Three times in four verses, God implored Joshua to be “strong and resolute,” in Hebrew, “Chazak ve’ematz,” חזק ואמץ. The purpose was military preparation that included the role of God as Protector. From the “Song of the Sea” in Exodus 15, when God is “Ish Milchamah,” איש מלחמה, a warrior, war preparations were part of Israelite history as soon as the Israelites were redeemed from Egypt. Though history often regarded Jews as weak and passive, ever since WWII and Israel’s 1948 War of Independence, Jews have reclaimed their role as a people who are physically strong and resolute.

In places where Jews weren’t threatened, we traded the role of warriors for the role of a settled people. In America, Jews have been settled for a long time.

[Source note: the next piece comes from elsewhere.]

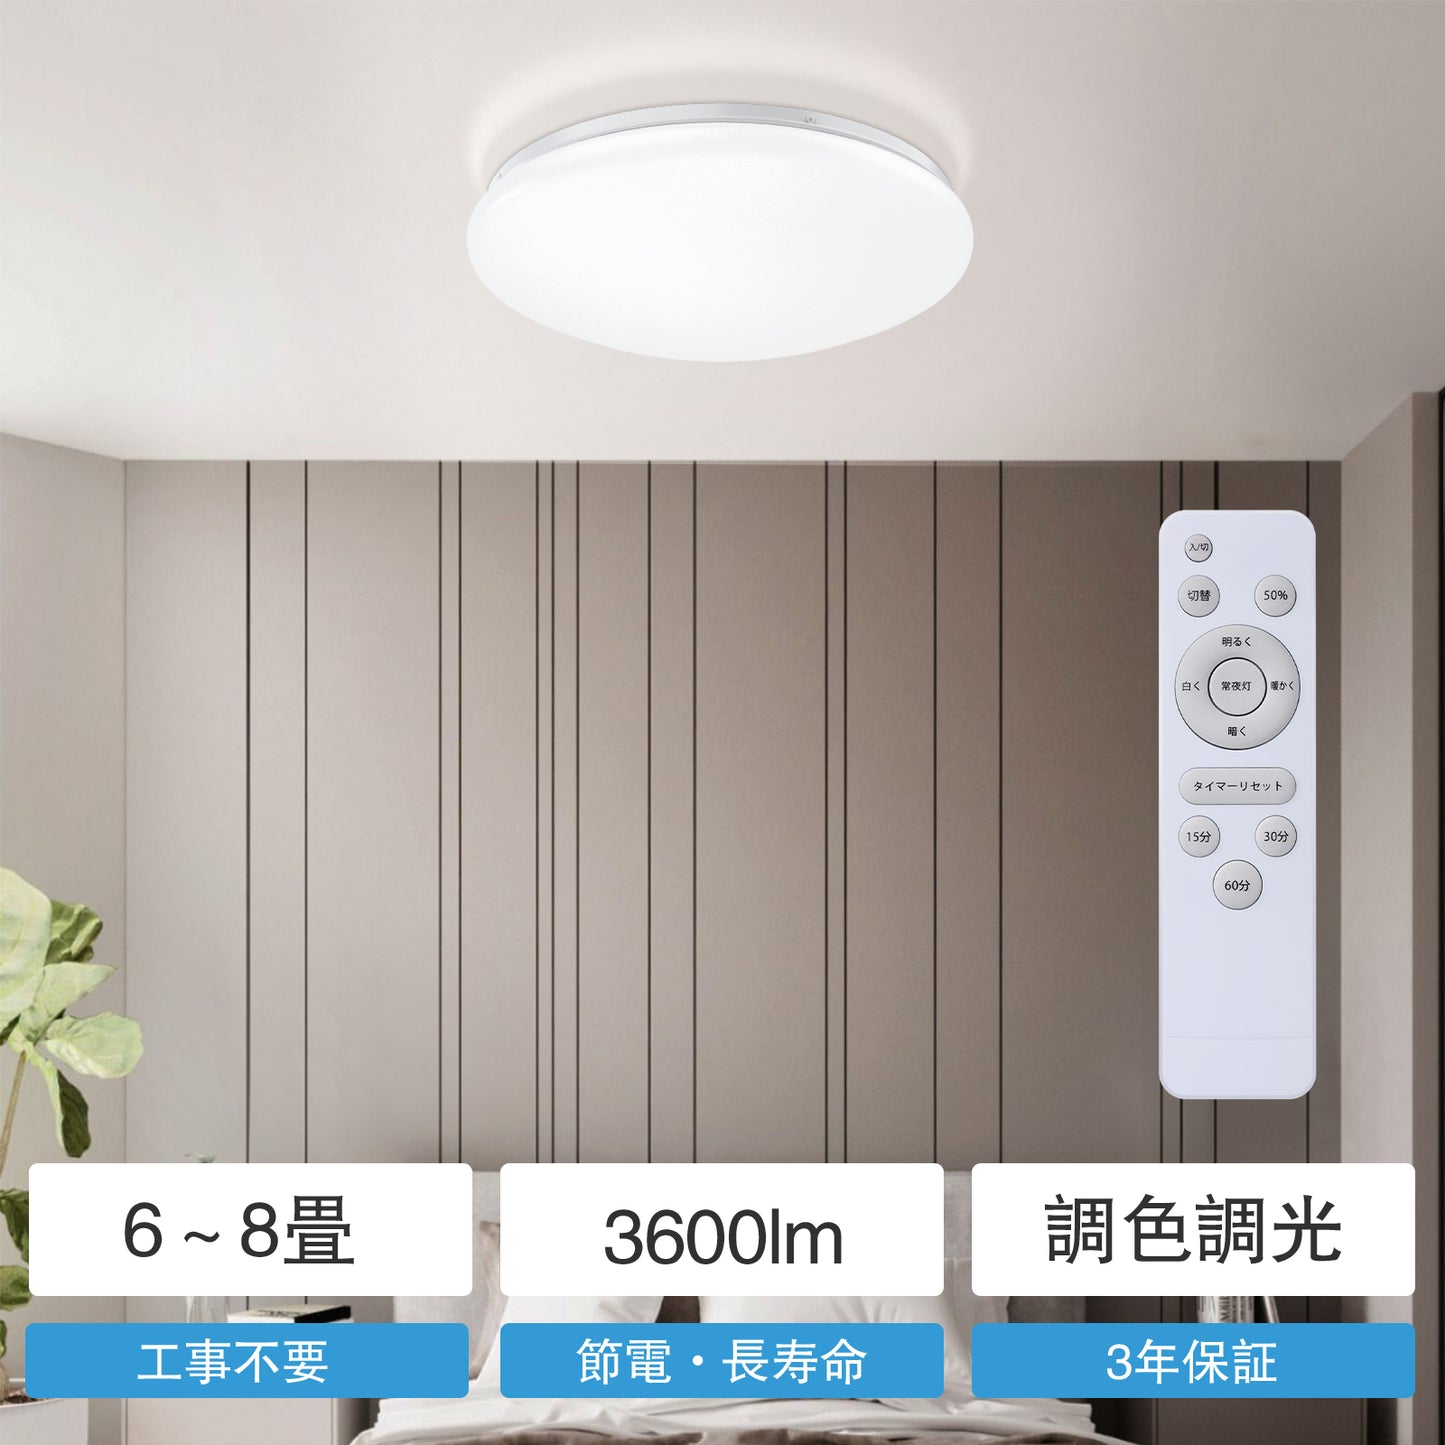 MOONPAI LEDシーリングライト 8畳 3600lm 直径33CM 調光 調色 リモコン付き 常夜灯 メモリー機能 15/30/60分タイマー 照明器具 天井照明 室内照明 寝室 リビング

During relatively quieter times, the Hebrew prophets, rather than Joshua, were our guides for how to be Jews in the world. The prophet Micah urged us to “Do justice, love goodness, and walk humbly with God” (Micah 6:8). It’s embedded in our psyche and inscribed on the wall of our bimah in the sanctuary.

In a recent article, Rabbi Daniel Gordis recognized these two parts of our people’s past and personality. In his review, he all but condemned the settled west (American Jews) for being mostly disciples of Micah, who aim for social ideals while the world is burning around us. By contrast, he lauds modern Israelis who have taken up the role of Joshua, to be warriors for Israel, and for all Jews everywhere, including America. Why? Because the existential war that Israel fights today will determine the outcome for Jews in Israel, in America, and everywhere else in the world.

I take no issue with Rabbi Gordis. He lives and works in Israel and his son serves in the IDF, while he also balances history, modernity, prophecy, and Israel as God’s promise to our people. The question he has for American Jews is, what will we do beyond working for “social justice and goodness” while Israel’s future is at stake? While his son fights in the IDF, what can we do to protect and serve Israel from our homes in America?

First, he should know that many of us have contributed heavily to Israel’s safety and well-being. It comes in many forms, including advocating in Congress for aid to Israel, and support for Israel’s right as a sovereign nation to fight its enemies on its own terms; and the enormous commitments of Jewish communities throughout North America that have contributed financially and otherwise to Israel’s future. Second, he should know that we’re as vexed as he is by some American Jews who call Israel an oppressor and a colonizer.

Actually, Gordis’s critique helps us examine ourselves. During this dangerous time for the Jewish people, we need to land on the right side of history. We need to be like Joshua and defend Jews in Israel and elsewhere. Then we can be like Micah who prizes justice, goodness, and humility. At best, we can do both at the same time. But if Gordis is right, and he often is, then we can’t mistake what our times demand of us, today: “Be strong and of good courage” in 2024, and beyond.